The house has been transformed. The internal re-wiring is complete, with some external wiring to the shed being finished off tomorrow. The loft repairs were carried out during the week following up the surveyor's instructions. We have had a new laminate floor put in downstairs, a made-to-measure bi-folding door between the lounge and the kitchen installed, and four book-cases and shelving units put up. A new garden fence was erected a week ago.

New bedroom and dining furniture arrived before the Christmas break. We have ordered new blinds and curtains, plus a stairway carpet which will all be fitted in March.

We have now exhausted our improvement budget, and we are now pretty exhausted ourselves at making sure all the works actually happened, mostly to time and within budget.

Time to pause and reflect on what we have achieved in three months.

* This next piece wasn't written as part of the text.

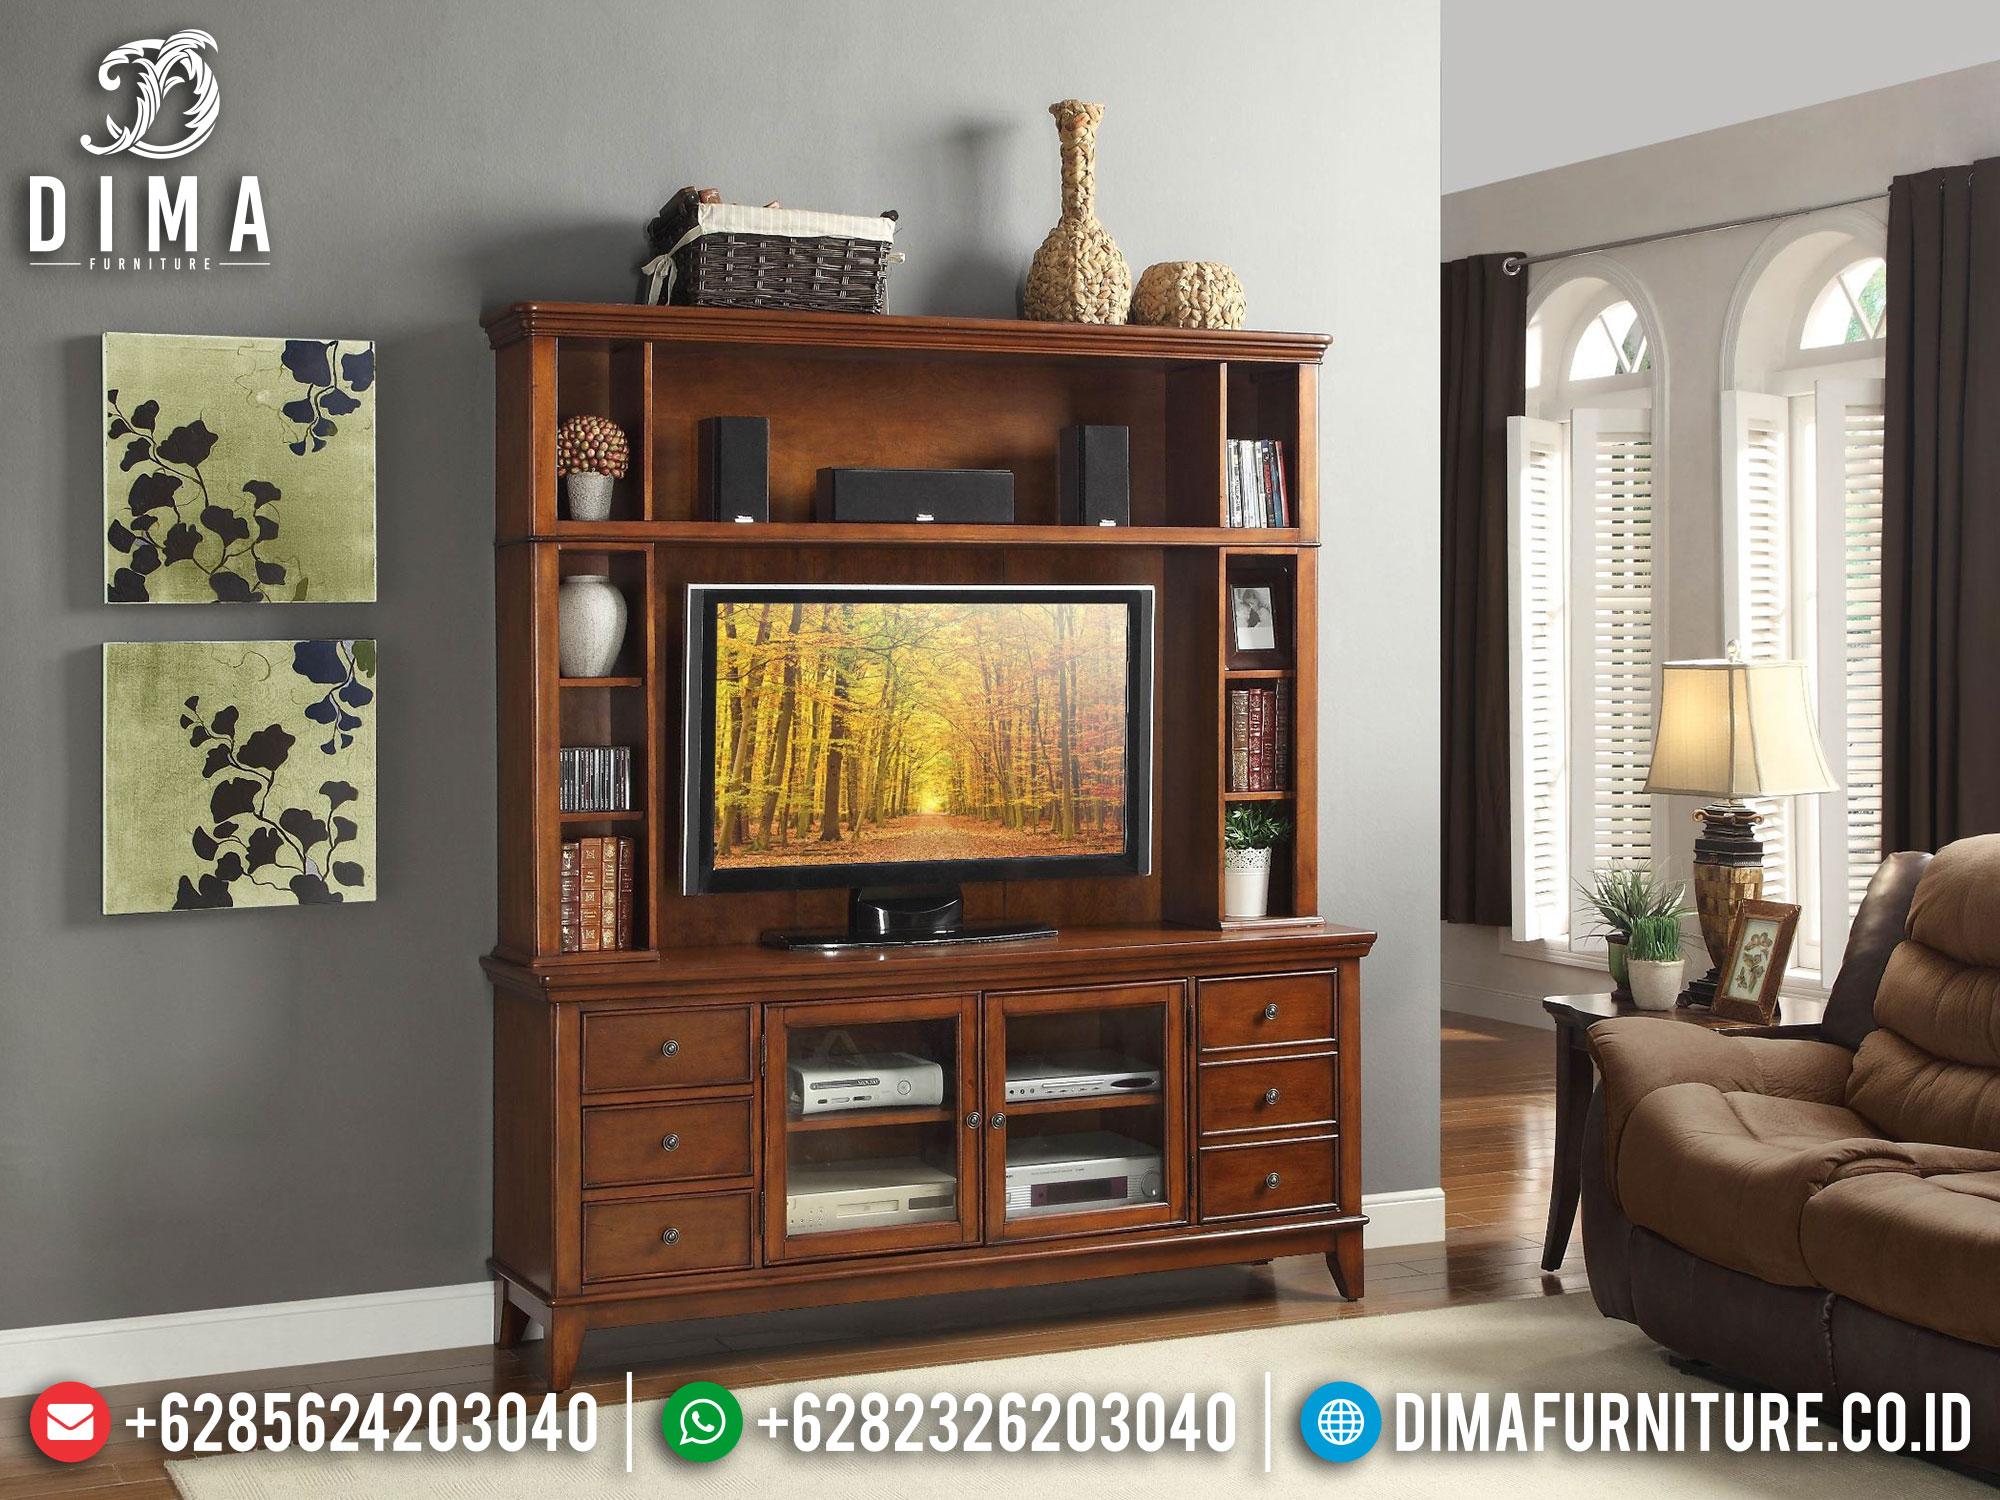 Lemari Hias Jati Natural Set Bufet TV Minimalis Classic Best Seller TTJ-1678

But it is not only the physical changes to our home environment that have occurred. Our new daily and weekly routines, with me working from home again after a three year gap has made a big difference. I am now waking at 6.30am to walk to our splendid Victorian Hatch End swimming pool for a few lengths before getting home to make sure Nana is on her way to work at 7.35am. Breakfast, and a peruse of the online newspapers on my iPad is complete by 8.30am, and I can start work without the stress of the daily commute. Bliss!

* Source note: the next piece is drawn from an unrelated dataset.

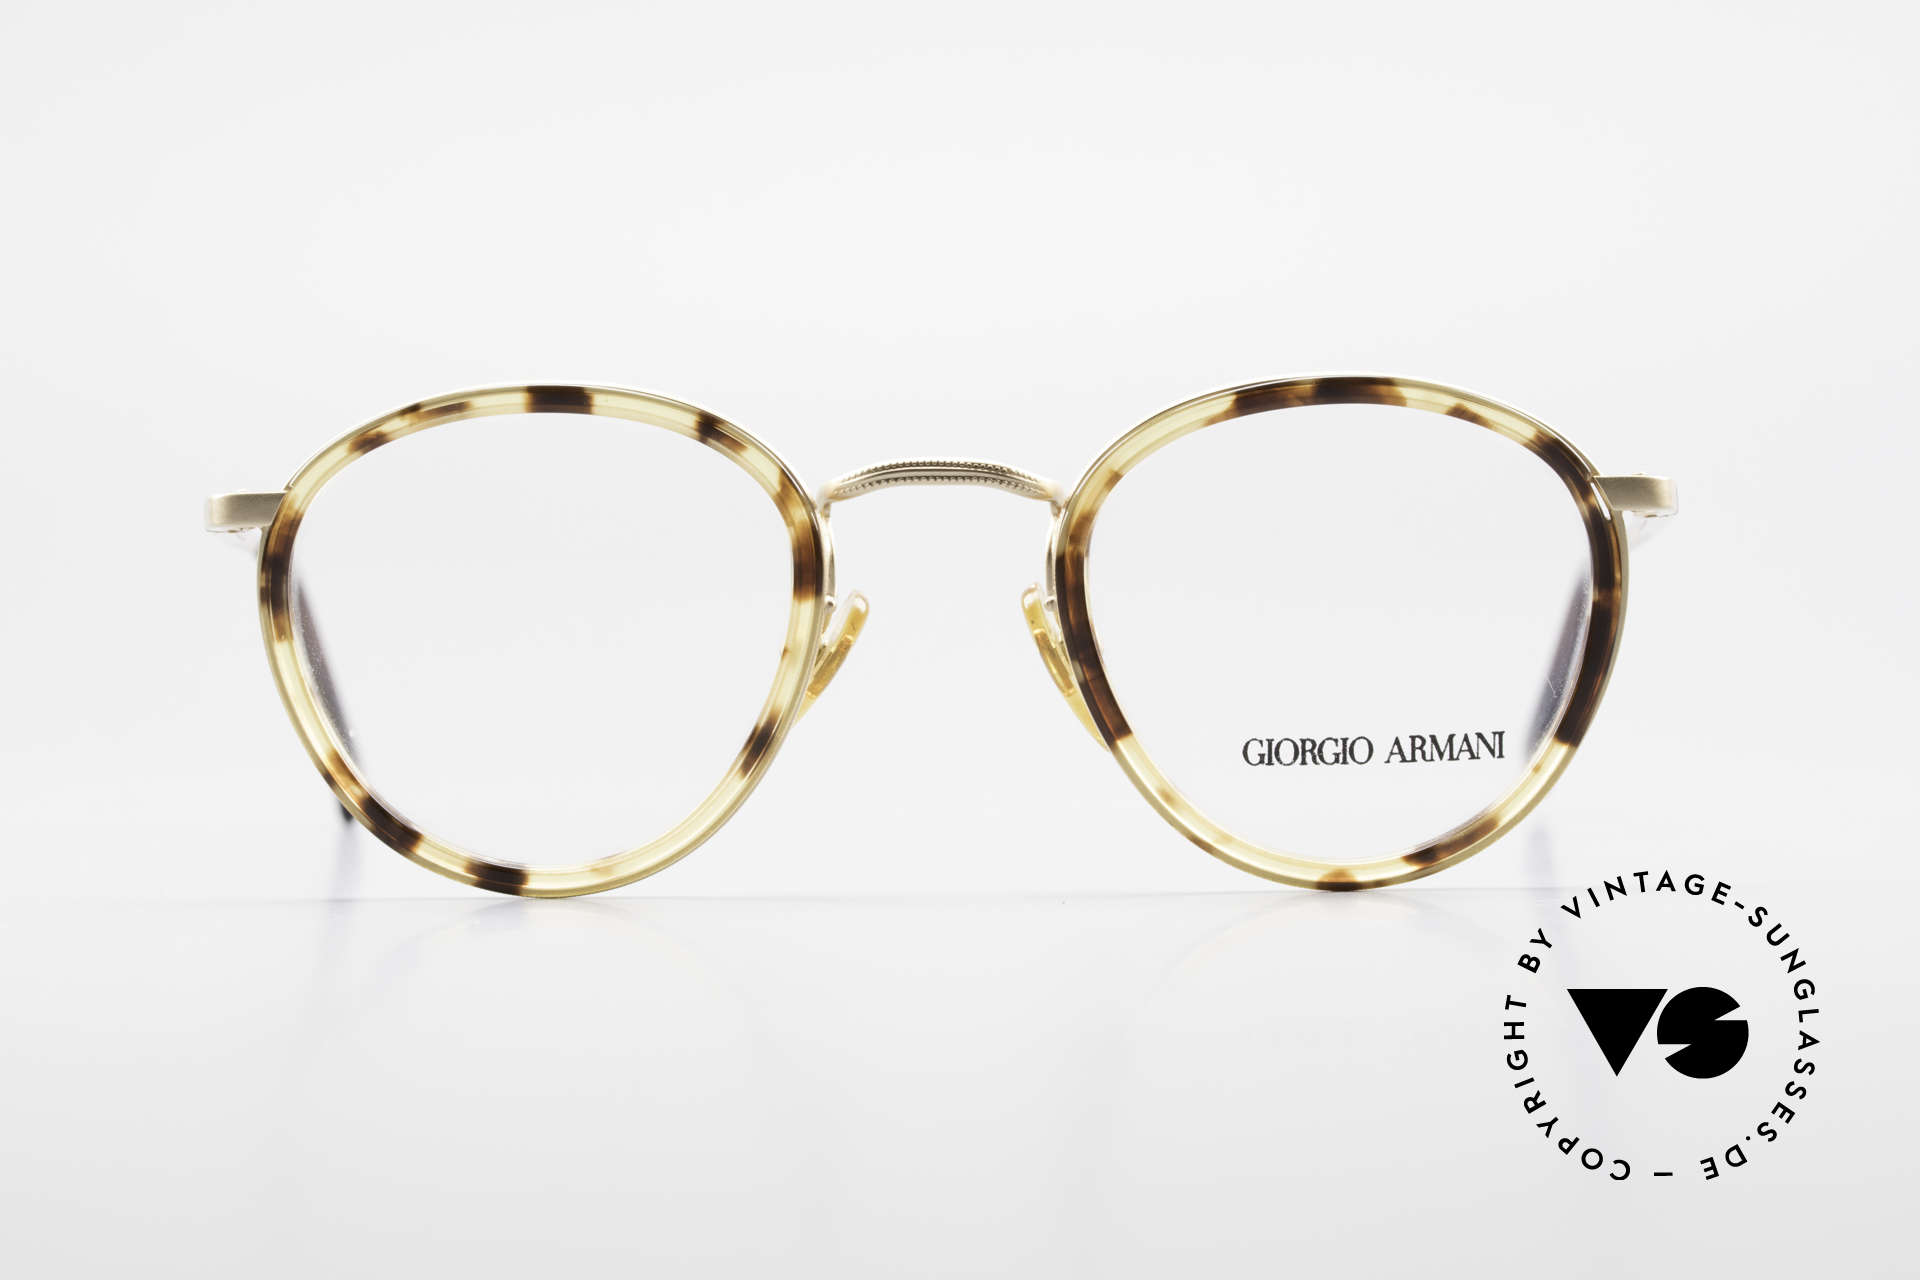 Giorgio Armani 159 Panto Glasses Windsor Rings, more 'classic' isn't possible (famous 'panto'-design), Made for Men

We have been exploring the delights of Hatch End, which has about a dozen excellent restaurants with a wide range of cuisines. There are still a few to try but no duds yet. We now know where the buses go and how to fast connect from Harrow-on-the Hill or Harrow & Wealdstone stations to old haunts in zones 1 and 2. We actually got back from the Hampstead Theatre on Thursday evening, door-to-door, in precisely 45 minutes. So we are not on the edge of civilisation at all, but instead finding a new greener place to breathe and relax in.

To cap it all, a walk with my sister on Sunday led to us finding Pinner Park Farm, which is a working beef-rearing farm about 15 minutes from my front door. Yes, real cows less than a mile from my home!

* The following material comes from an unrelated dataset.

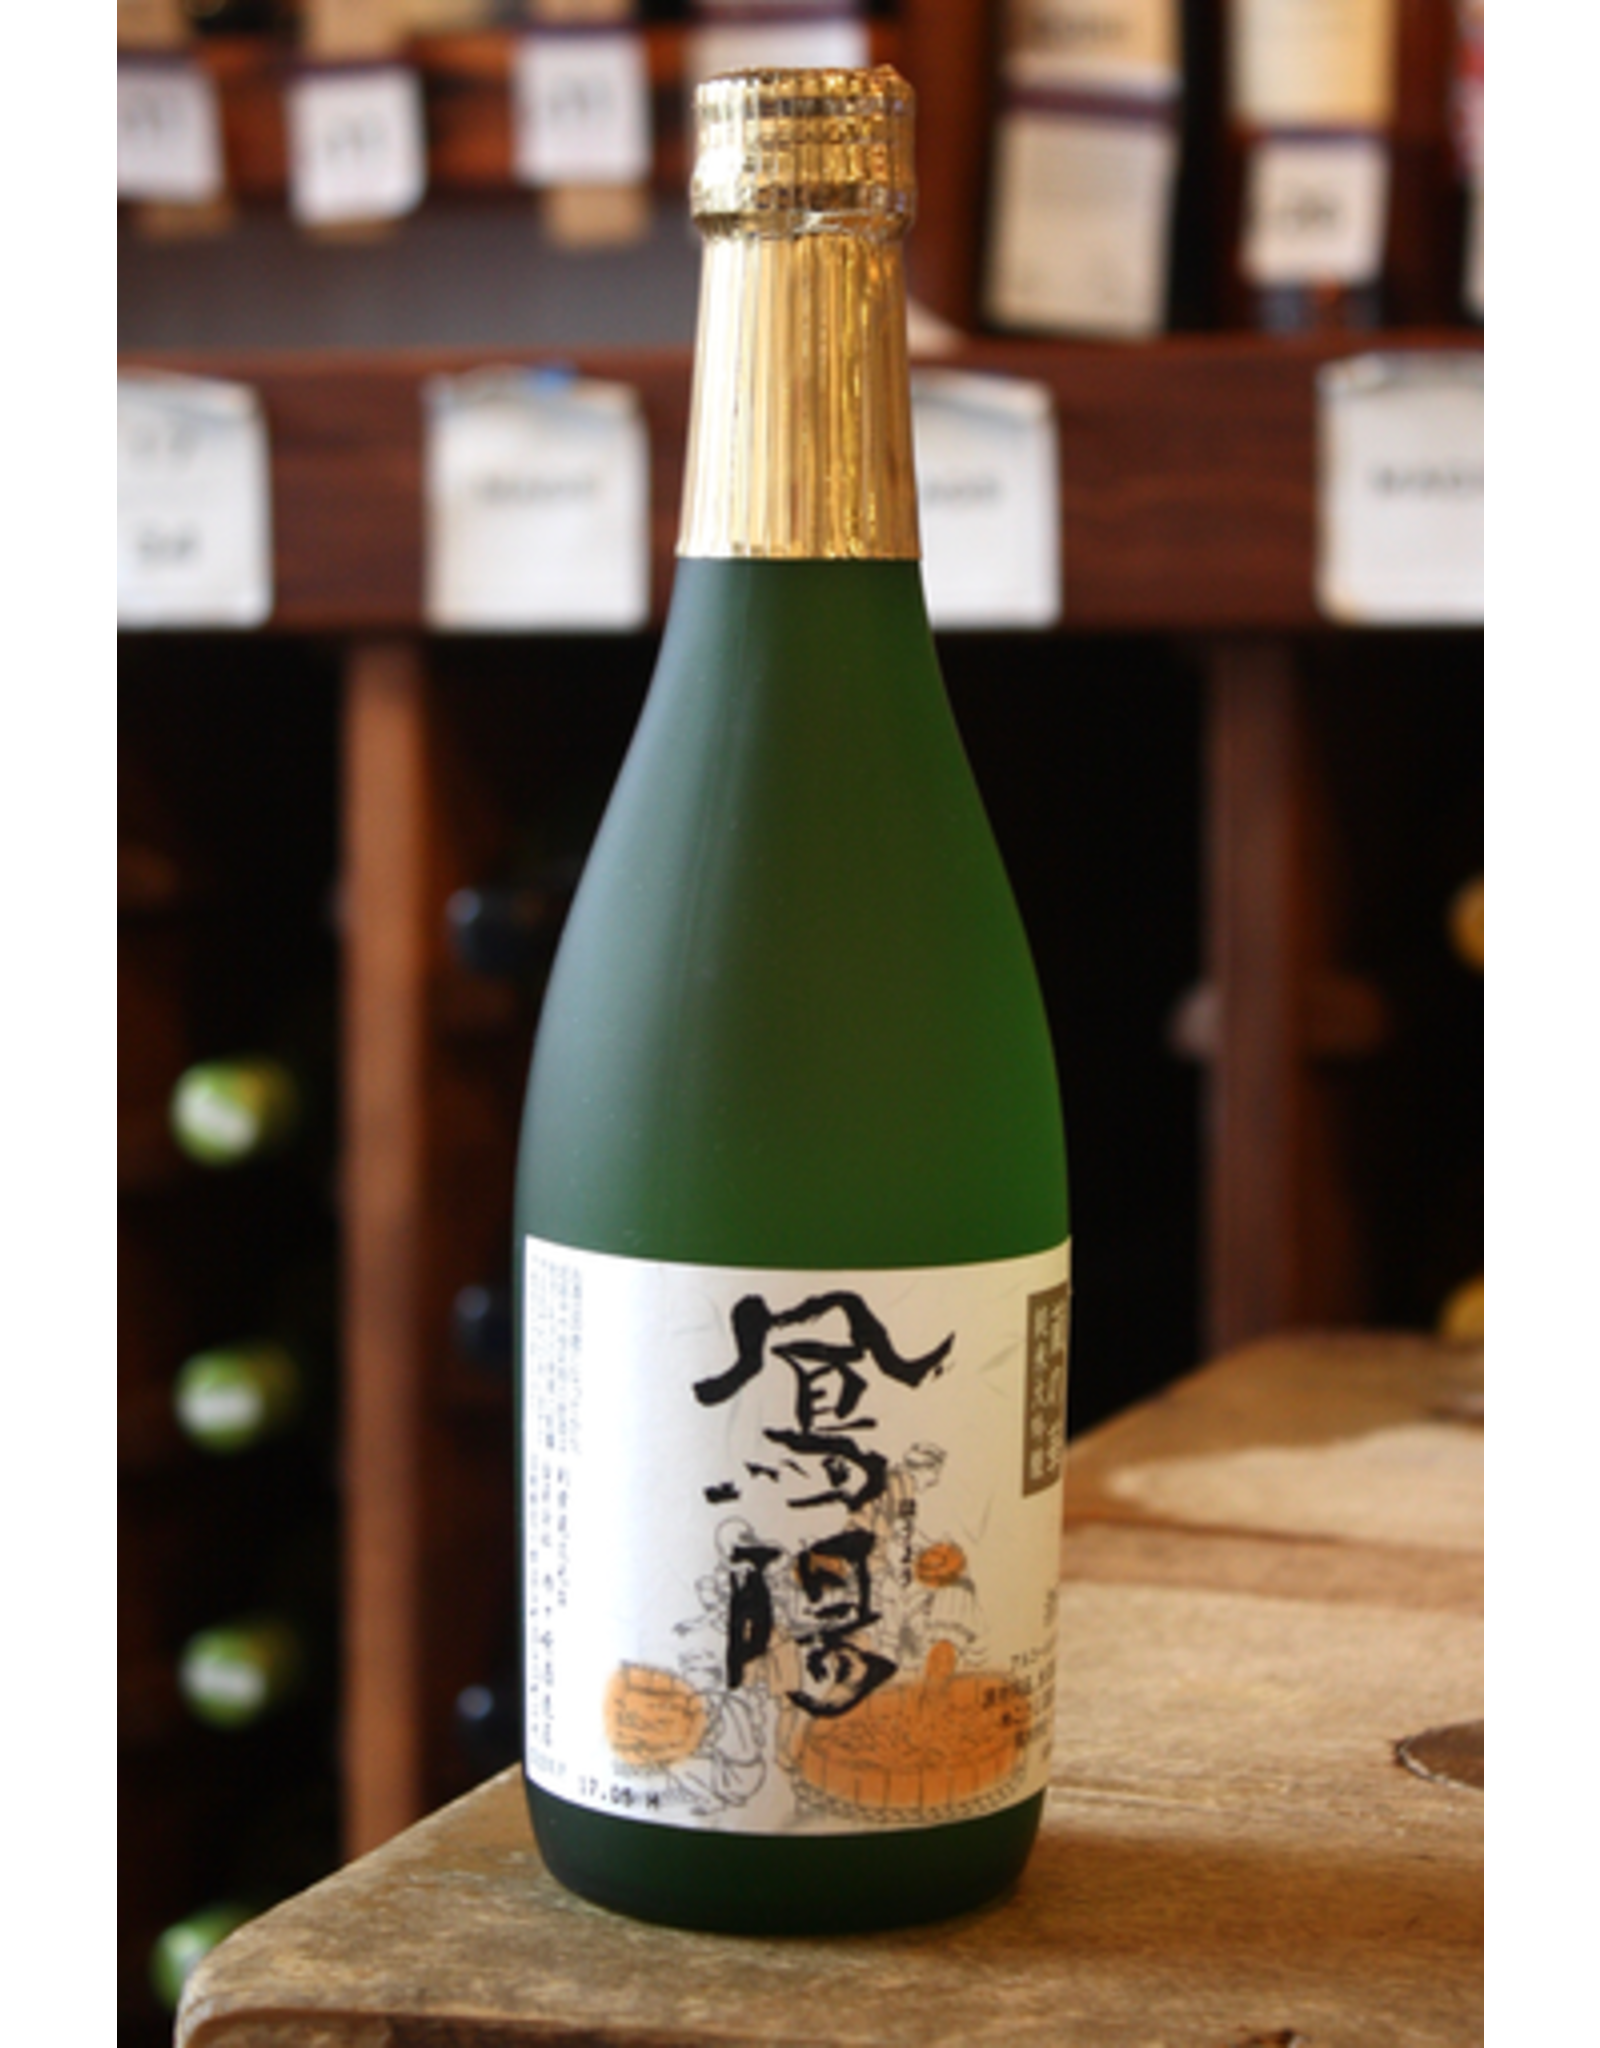 Uchigasaki Hoyo, Kura no Hana 'Fair Maiden' Daiginjo Sake - Miyagi, Japan (500ml)

Am I missing the old flat?  No, I have fond memories but the past is the past. This is my life now. My home is in Harrow, and I think I will be here for a long time. I am a member of the Harrow Liberal Democrats and completed my first leafleting round in a target ward last week. Everything was on the flat, no multi-occupied buildings. A leafleter's dream.

All I am waiting for is some warmer weather so I can tackle the gardening with more enthusiasm, and enjoy the option of taking in the sun in my own back yard.

What stimulated this piece was seeing some opinions on a Camden website bemoaning the cost of property in Camden. Yes I know it is ridiculously expensive, which is why I could not buy a house there.

Market forces still dominate the decisions we all take in our daily lives. We can choose how to spend or save our money in a million different ways. I cannot afford to buy a bottle of champagne every day. I cannot afford first class rail fares. I shop for bargains in Sainsburys and Morrisons and rarely try finding food in M&S or Waitrose. I decide what is affordable.

Why then do people bemoan the fact that there are certain areas where you cannot afford to live on an average salary? Make a home in an area which you can afford and seek out the benefits of living in a new neighbourhood. I did, and it has made me happier than I have been for a while.